Asteroid detection technology needs improvement, said NASA officials in a hearing on Tuesday. Experts said that if an asteroid were on course to threaten Earth, very little could be done.
In a hearing on Tuesday with members from the U.S. House of Representatives Science Committee, NASA chief Charles Bolden discussed what could be done about asteroids. NASA wants increased funding to improve asteroid technology, as the monitoring systems in place now are not enough. NASA hopes to develop new technology that would divert an object if it were on course to collide with Earth.
"From the information we have, we don't know of an asteroid that will threaten the population of the United States but if it's coming in three weeks, pray," said Bolden.

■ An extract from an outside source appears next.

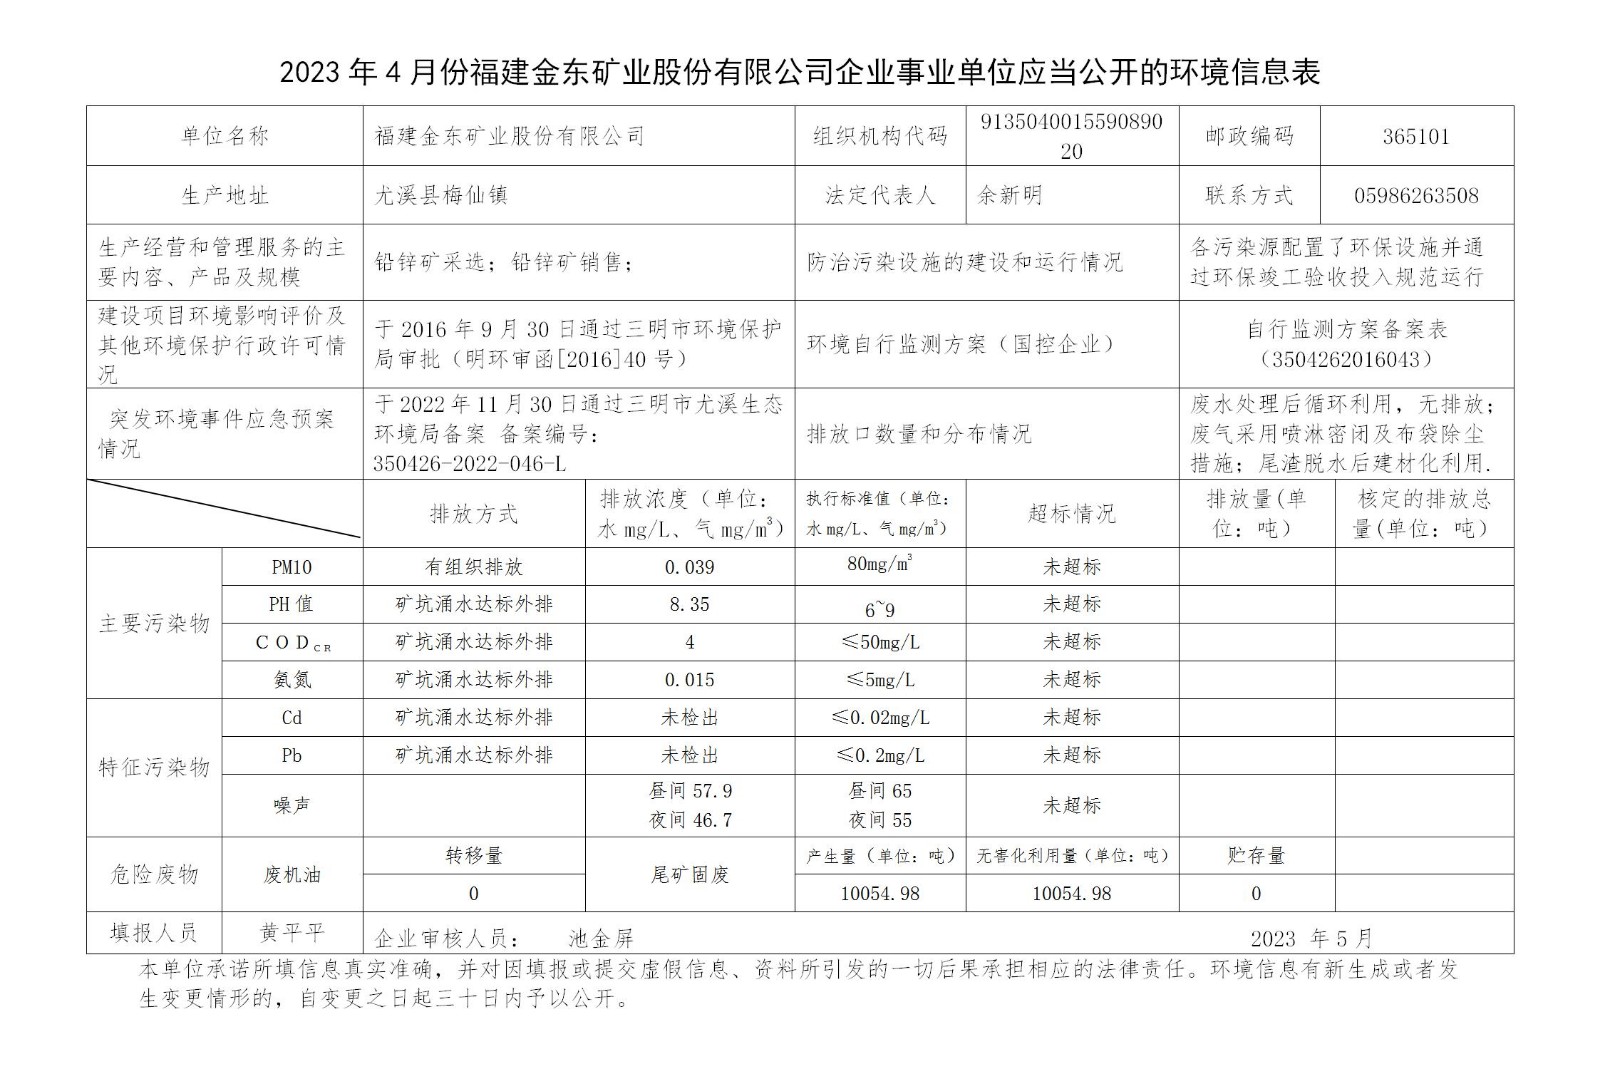 2023年4月份NBA下注官网-nba中国官方网站[HOME]企业事业单位应当公开的环境信息表_01.jpg

Experts trying to figure out how to destroy asteroids or meteorites may sound like a plot from a science-fiction movie, but scientists are seriously considering this option. Suggestions of sun-powered space lasers, gravity tractor beams and a nuclear device are some of the technology ideas tossed around.
As NBC reports, the chances of a massive asteroid posing a major threat to the planet are very slim. Scientists have found that a small percentage of asteroids found so far are large enough to be considered severely dangerous. Space rocks that large are estimated to hit Earth once every 1,000 years.
"The odds of a near-Earth object strike causing massive casualties and destruction of infrastructure are very small, but the potential consequences of such an event are so large it makes sense to takes the risk seriously," said White House science advisor John Holdren.
NASA has found and continues to track 95 percent of the largest space rocks, which have diameters of .62 miles or larger. "An asteroid of that size, a kilometer or bigger, could plausibly end civilization," said Holdren to legislators at the hearing.
Last month, a meteorite exploded in the sky above Russia and injured about 1,500 people. Many of the injuries were due to flying glass that came from shattered windows caused by shock waves of the intense explosion. The explosion was compared to an atomic bomb and was estimated to be 30 times more powerful than the one that destroyed Hiroshima.